Note to Reader: This article is part two of a two-article series. The first article, “Whose Problem is Kashmir: The Phantom Menace” can be found here.
“Lock up your libraries if you like; but there is no gate, no lock, no bolt that you can set upon the freedom of my mind.”
― Virginia Woolf, A Room of One’s Own
Internet Shutdowns – A Weapon for Suppression:
A 2020 report by New York-based digital rights organisation Access Now, labelled India as the “internet shutdown capital of the world” for ordering the most number of internet shutdowns since 2015. The site internetshutdowns.in notes that in India observed 14, 31, 79, 134, 106, 129 and 25 (2021, till now) internet shutdowns in the country since 2015, with the most (cumulatively) shutdowns being in the state of Jammu and Kashmir – 311. India shattered world records with its shutdown of J&K internet services in 2019, when this happened:
August 4, 2019: All internet services snapped.
August 18, 2019: Use of landlines allowed.
October 14, 2019: Postpaid mobile services restored.
January 15, 2020: Broadband services for essential purposes were restored.
January 24, 2020: 2G internet access to whitelisted sites was allowed.
April 9, 2020: SC asks Centre, J&K to reply on plea for restoration of 4G services amid nationwide Covid lockdown
August 16, 2020: Ahead of the UT district polls, high-speed internet data on postpaid mobile phones was restored in Ganderbal in Kashmir and Udhampur in Jammu.
February 5, 2021: Administration says 4G internet to be restored in entire UT.
A continuous shutdown from August 4, 2019, to February 6, 2021, lasting a record 552 days, drew media attention from all over the world – with the United Nations warning that the blanket shutdown “was a collective punishment that must be reversed”. In January 2020, even the Supreme Court of India deemed an indefinite shutdown of the internet in the state “unwarranted” and said it “demonstrated abuse of power” by our Supreme Leader’s government.
What?
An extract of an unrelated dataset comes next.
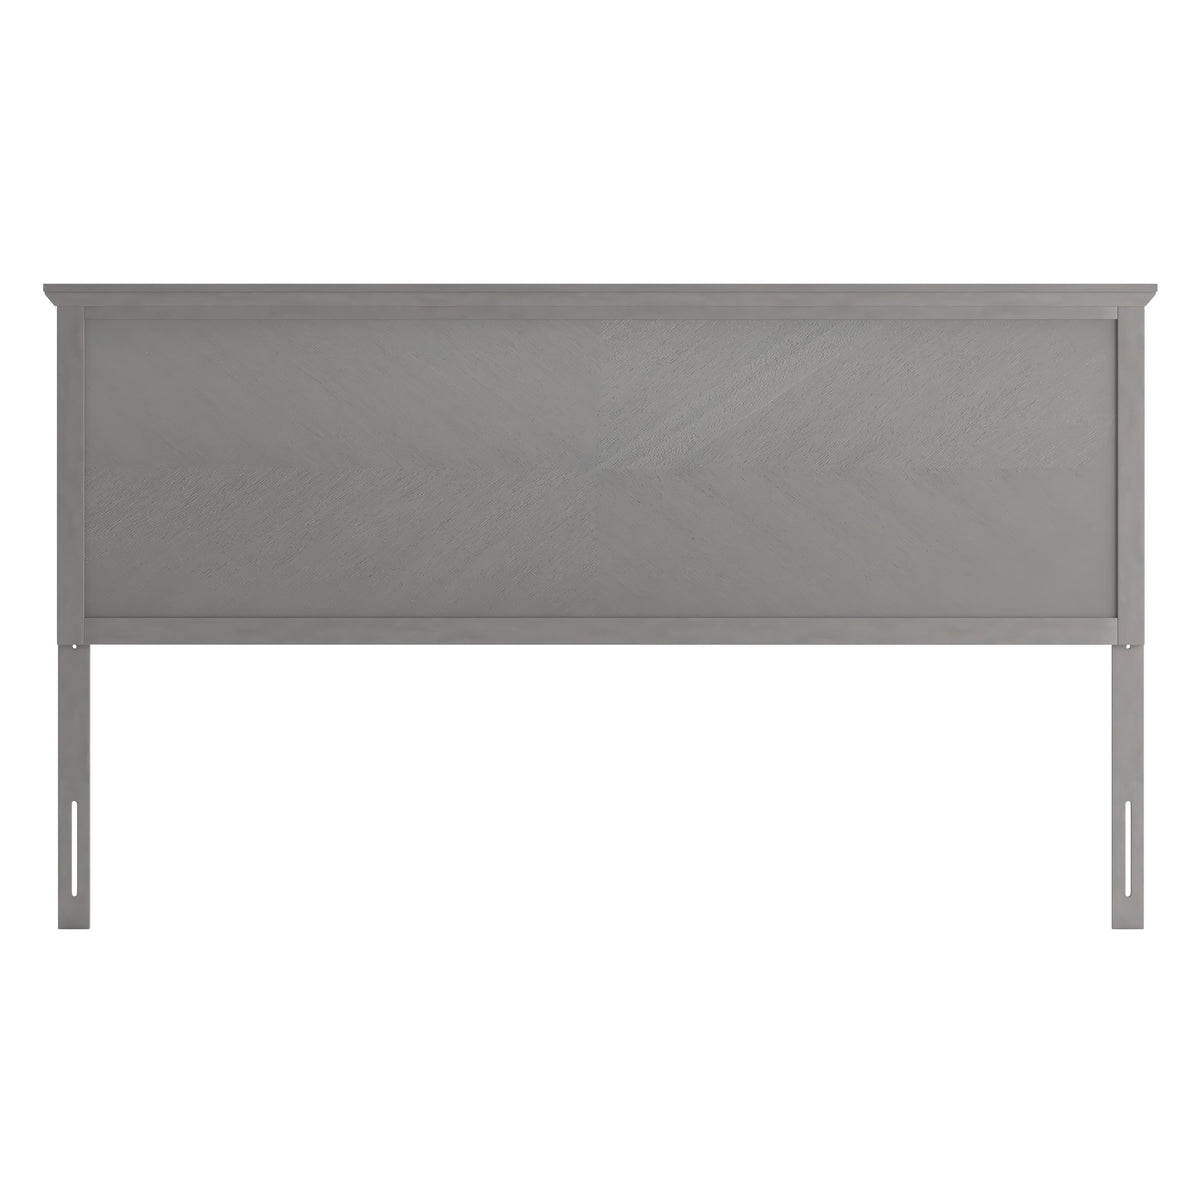 Gray Wash,King |#| Contemporary King Size Herring Bone Wooden Headboard Only in Gray Wash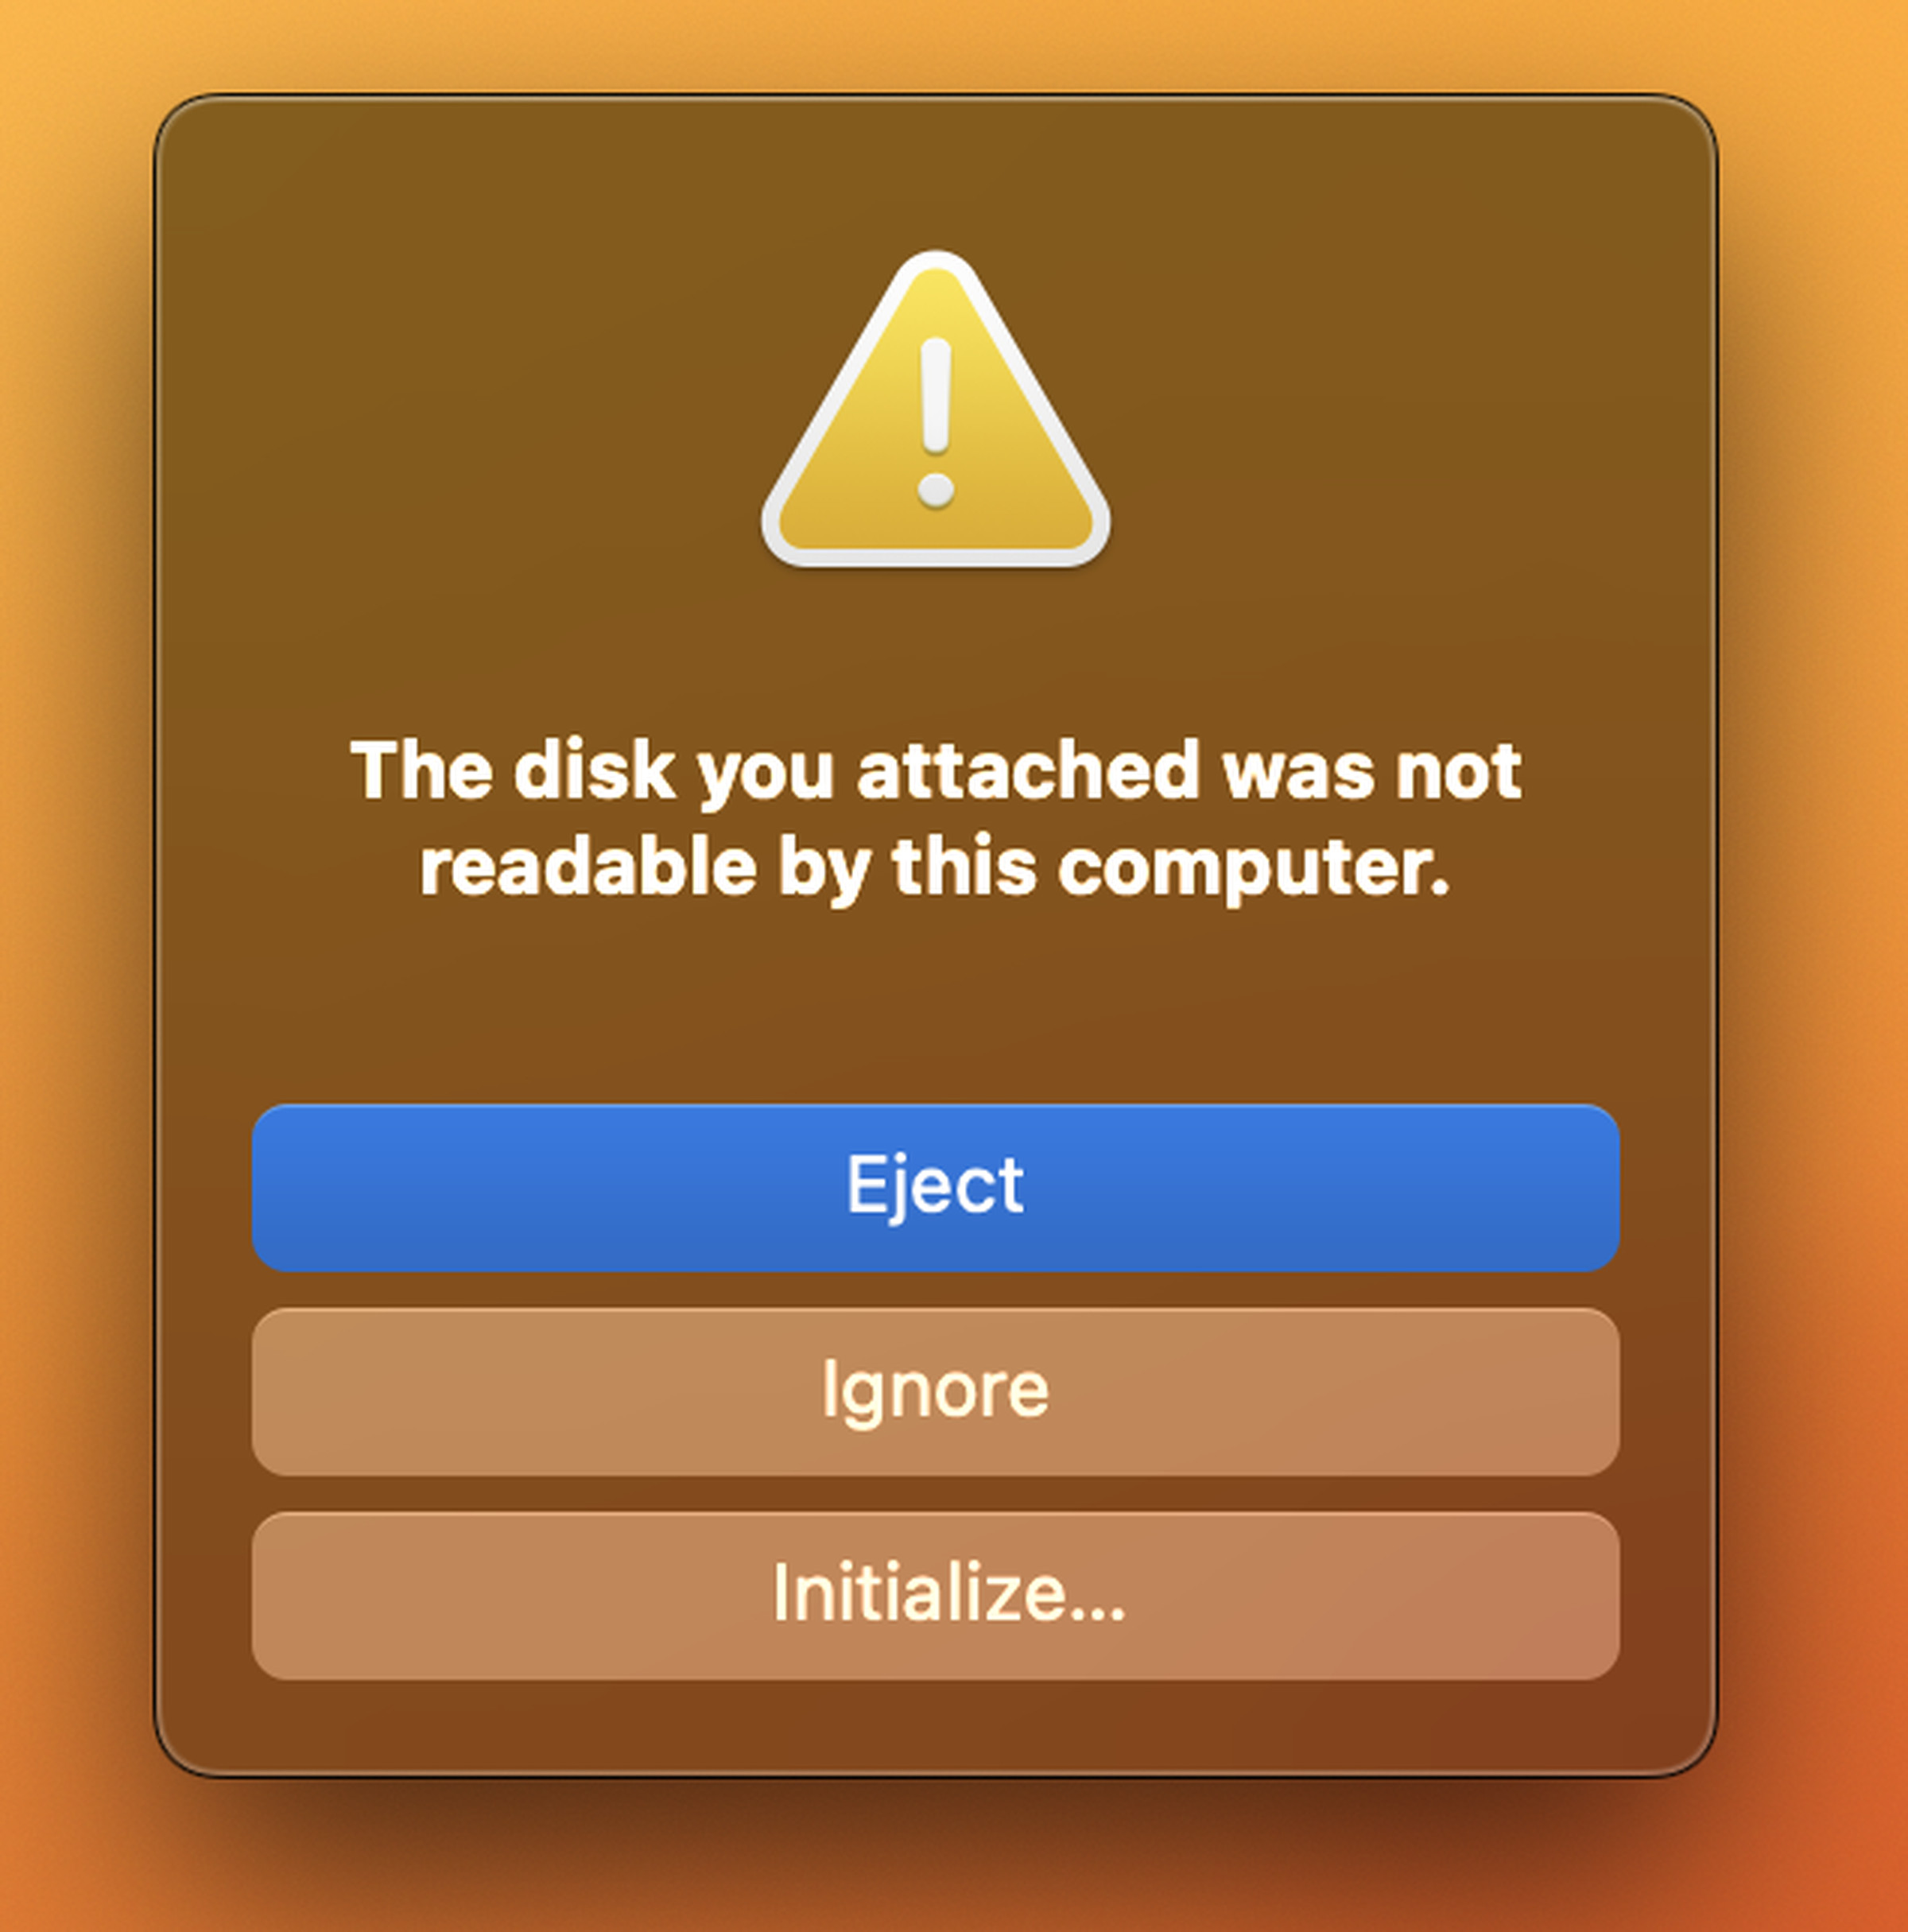 “The disk you attached was not readable by this computer.”

That’s not Legal? Let’s make it so! – The GoI Way:
The legality of internet shutdowns in Kashmir has always remained shrouded in secrecy – that is, until January this year. The Supreme Court pronounced its verdict in Anuradha Bhasin vs Union of India, where it endorsed the “principle of proportionality” for internet shutdowns. While mentioning procedural safeguards to the Telecom Suspension Rules, the judgement mandated all suspension orders with specified timeframes and review committees to be made publicly available; GoI has gone to extreme lengths to prevent scrutiny and keep the public eye away from such orders, with sometimes even not mentioning timeframes in pleas under the Right to Information Act. Anyway, this judgement was slammed for its lofty rhetoric and no substantive action. It did not declare access to internet as a fundamental right, nor did it pass any orders to restore internet in J&K.
The primary arrow in the government’s quiver in these situations has been Section 144 of the Code of Criminal Procedure. This was routinely used to ban public meetings and congregations, including authorising internet shutdowns – till the Temporary Suspension of Telecom Services (Public Emergency or Public Safety) Rules of 2017 were enacted. However, old habits are not that easy to let go of. Continued usage of Section 144 to issue internet blockade orders has drawn criticism from many quarters. The Indian Telegraph Act and Information Technology Act govern laws and offer checks and balances concerning internet shutdowns. However, the Rules of 2017 gave the executive branch virtually unlimited powers to bypass the legal mechanisms for internet blocking – the ones laid down under Section 69A of the Information Technology Act, 2000 and the Indian Telegraph Act, 1885.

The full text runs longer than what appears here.